- [Supplied information]

· · · ·

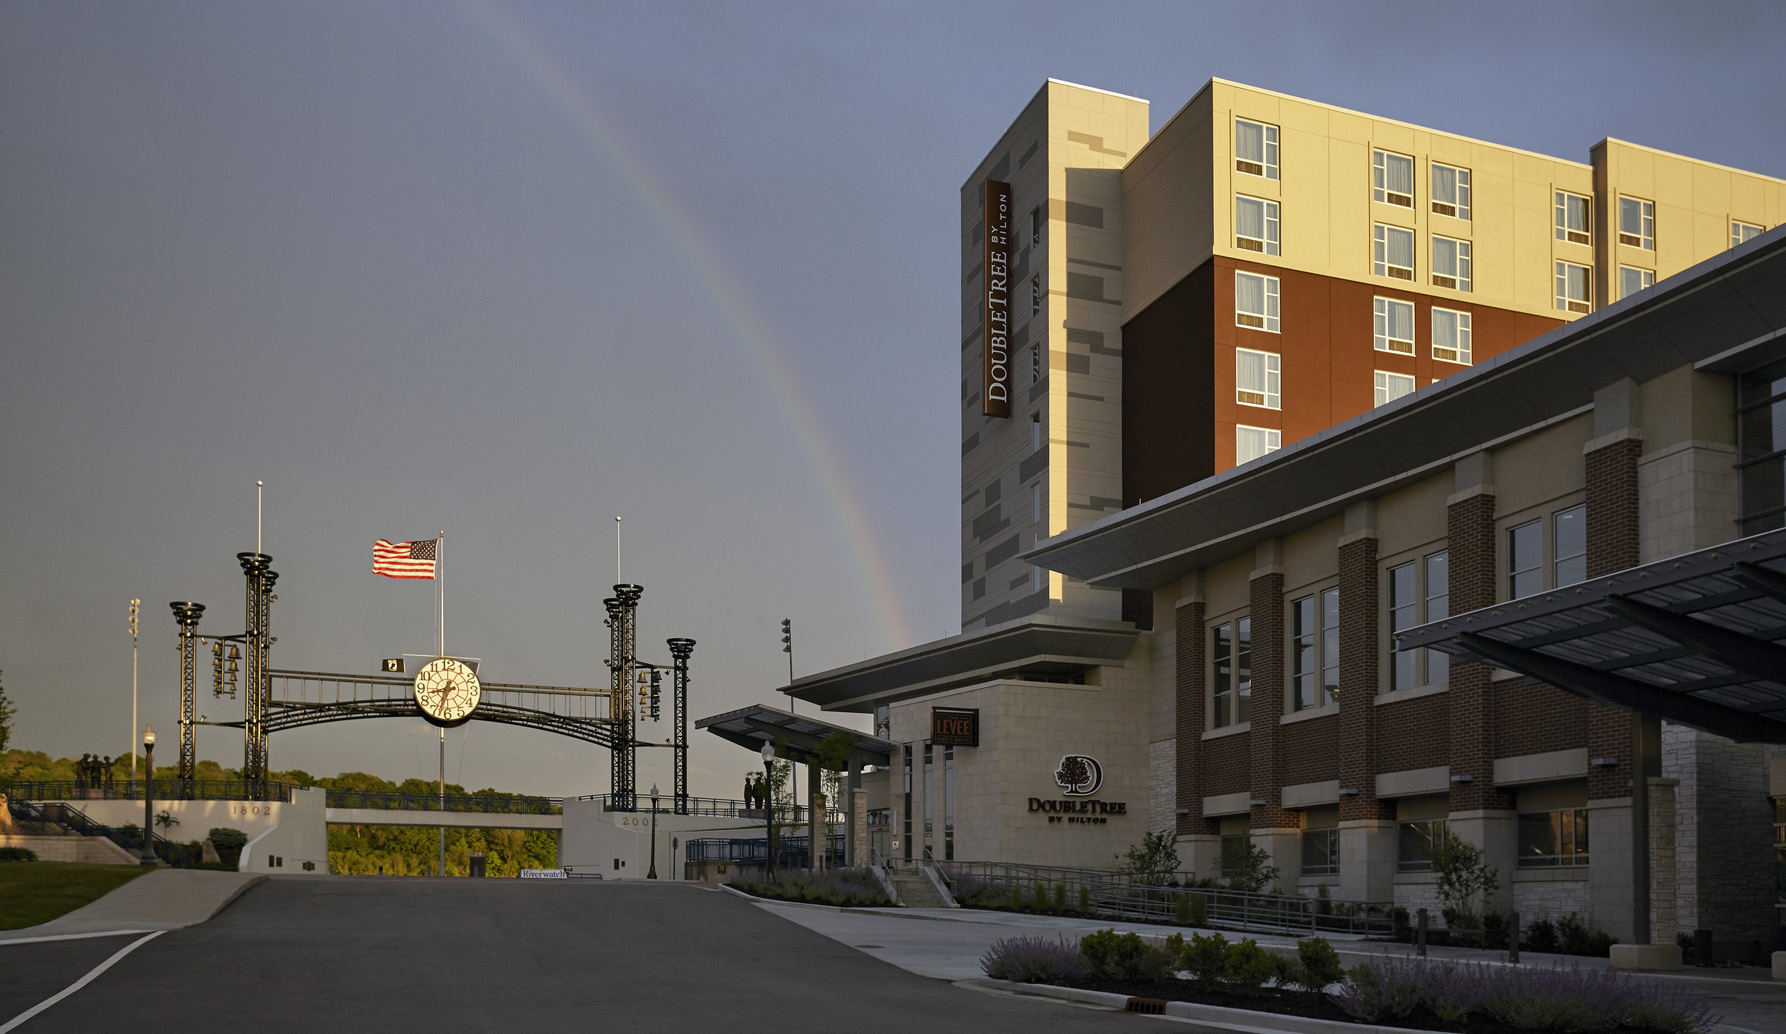 Doubletree Hotel and Lawrenceburg Event Center
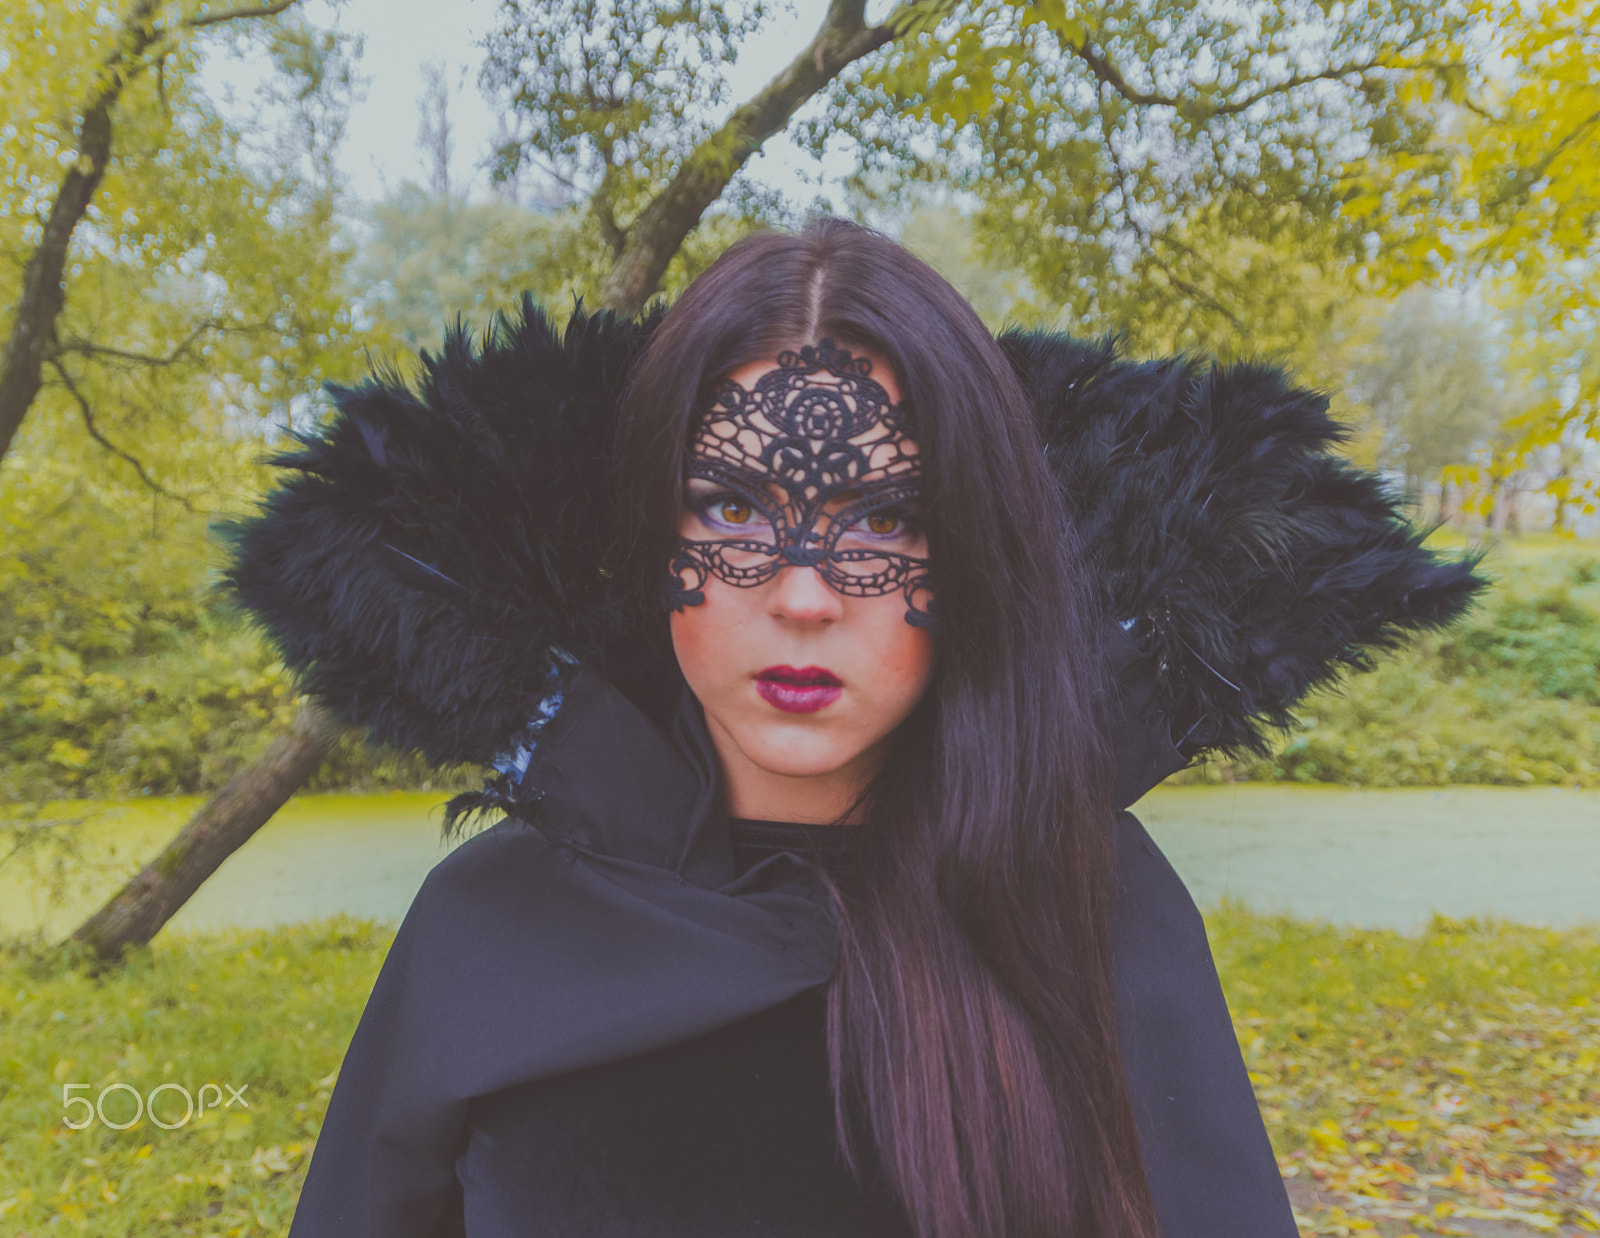 Nikon D7000 sample photo. Beautiful girl in a black mask and mantle photography
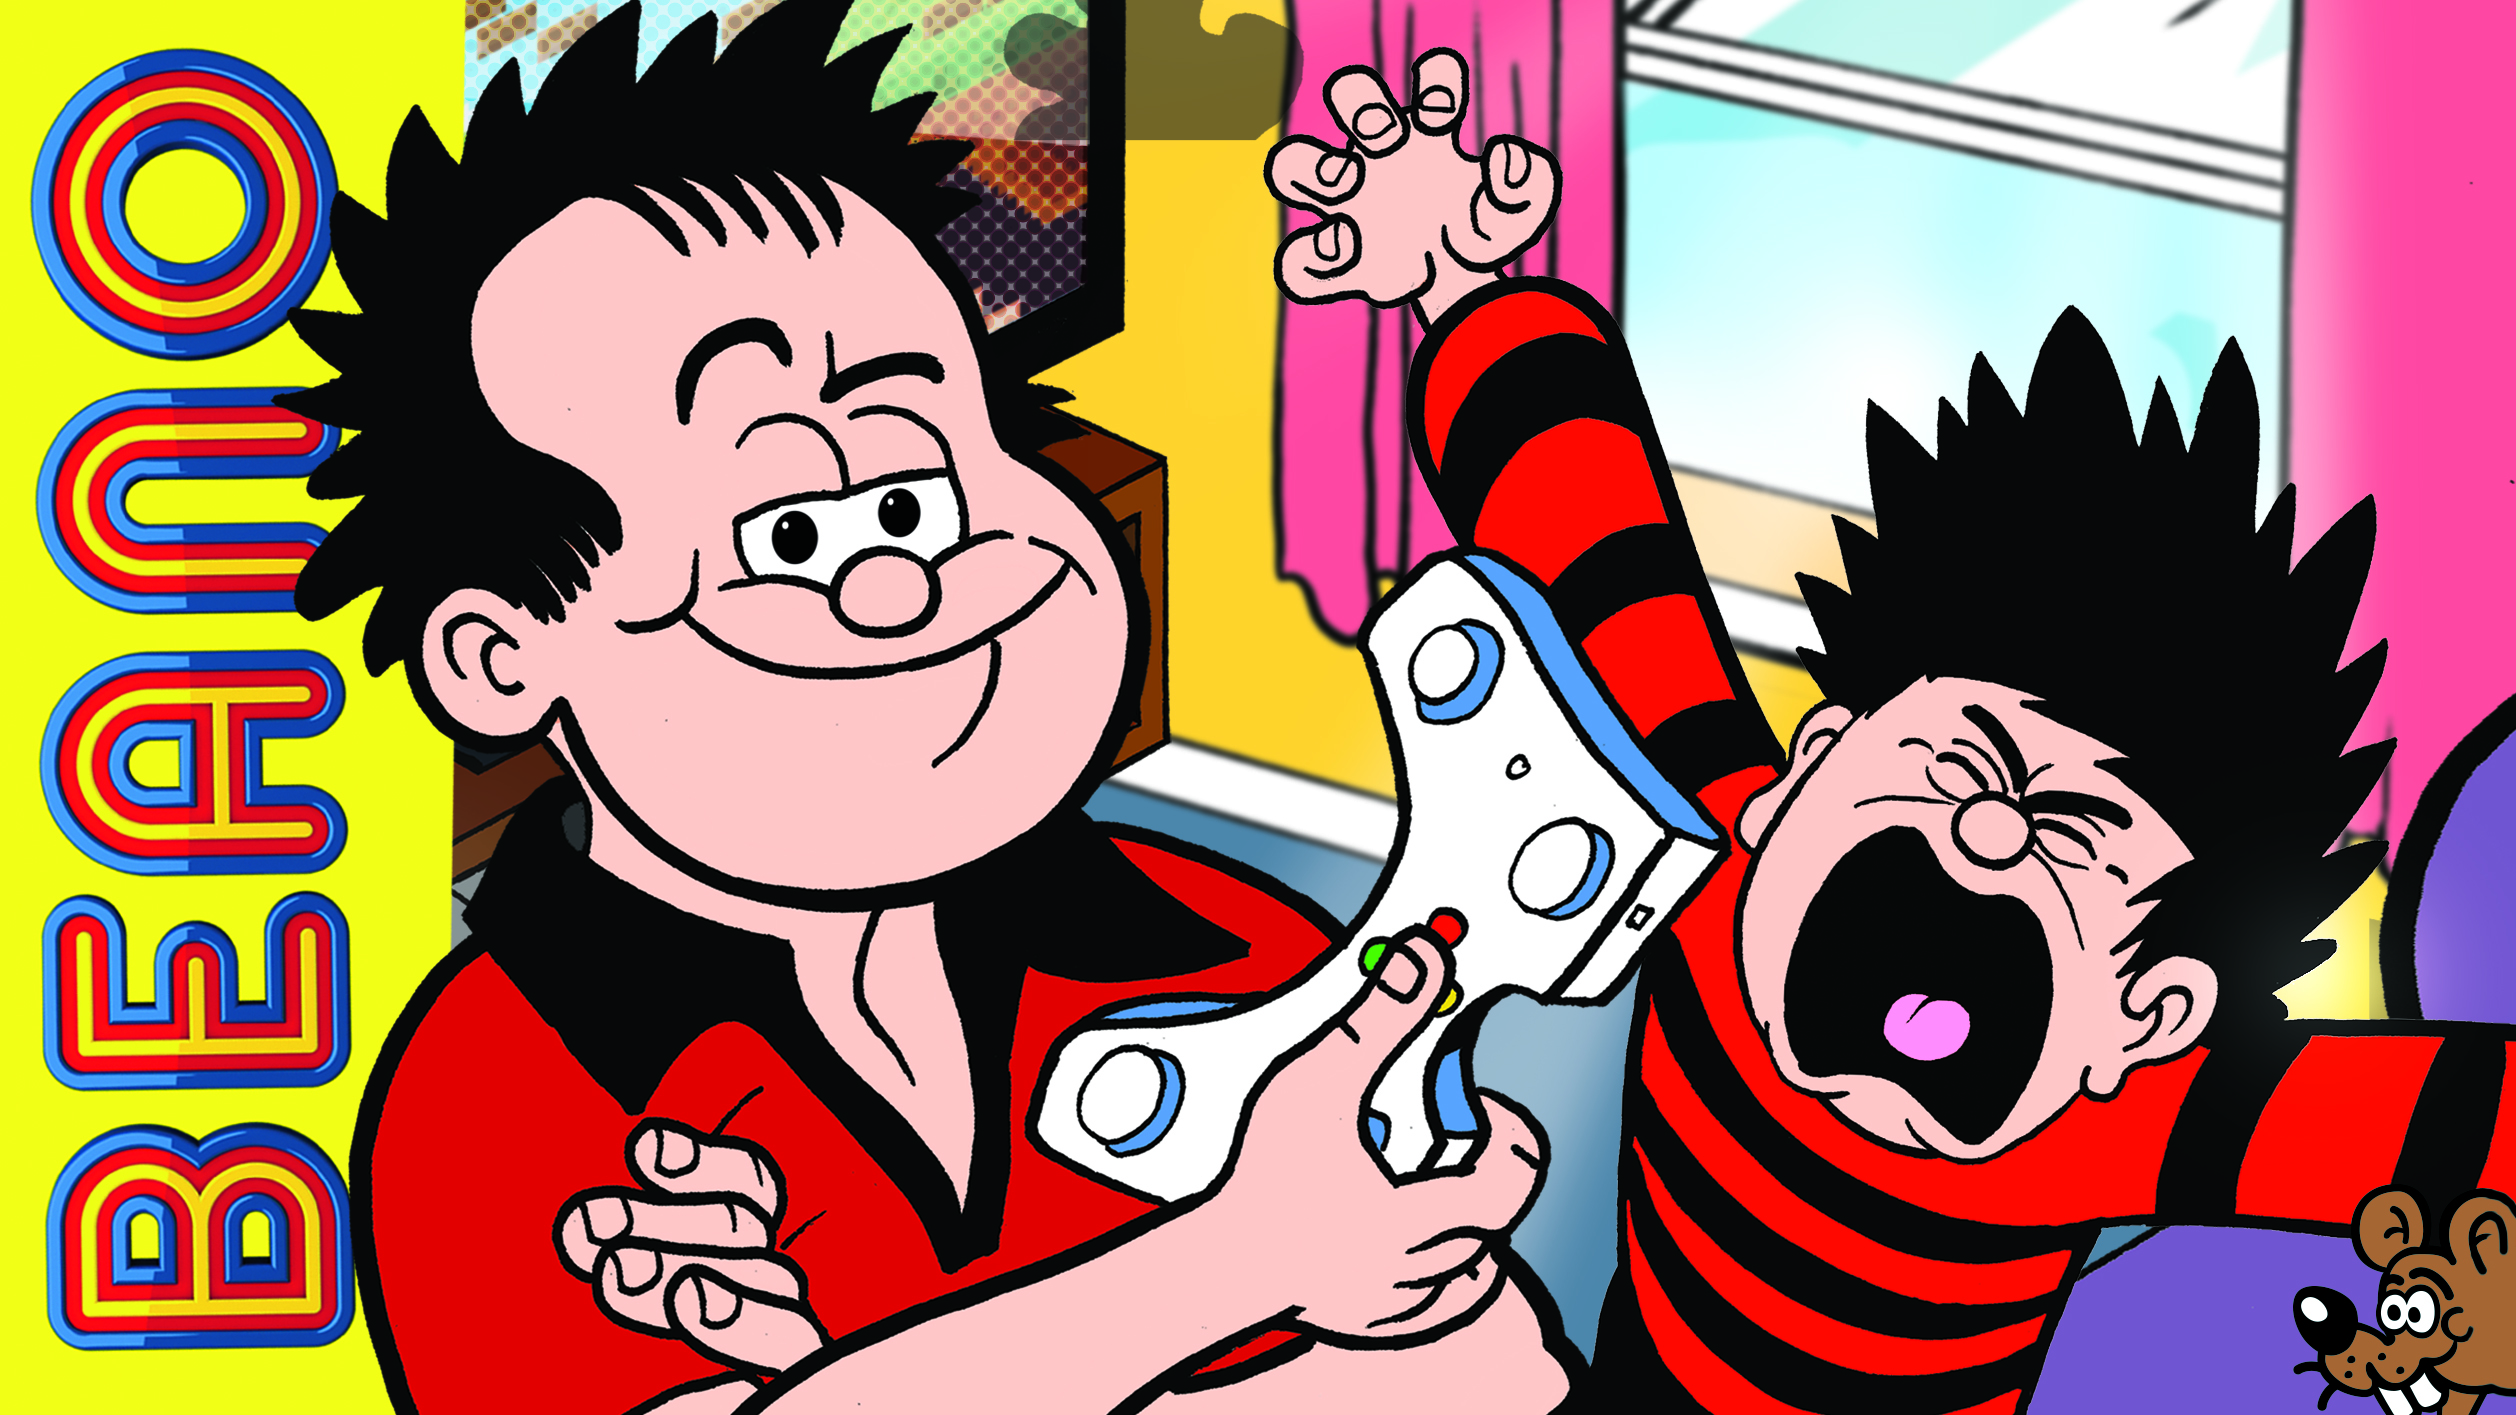 Inside Beano no. 4039 - Oh no! Dennis is grounded!

· · · ·

- [What is needed] Once more, please print all the lines above exactly, without their pictures.

- [Output for this task]
 Doubletree Hotel and Lawrenceburg Event Center
 Nikon D7000 sample photo. Beautiful girl in a black mask and mantle photography
 Inside Beano no. 4039 - Oh no! Dennis is grounded!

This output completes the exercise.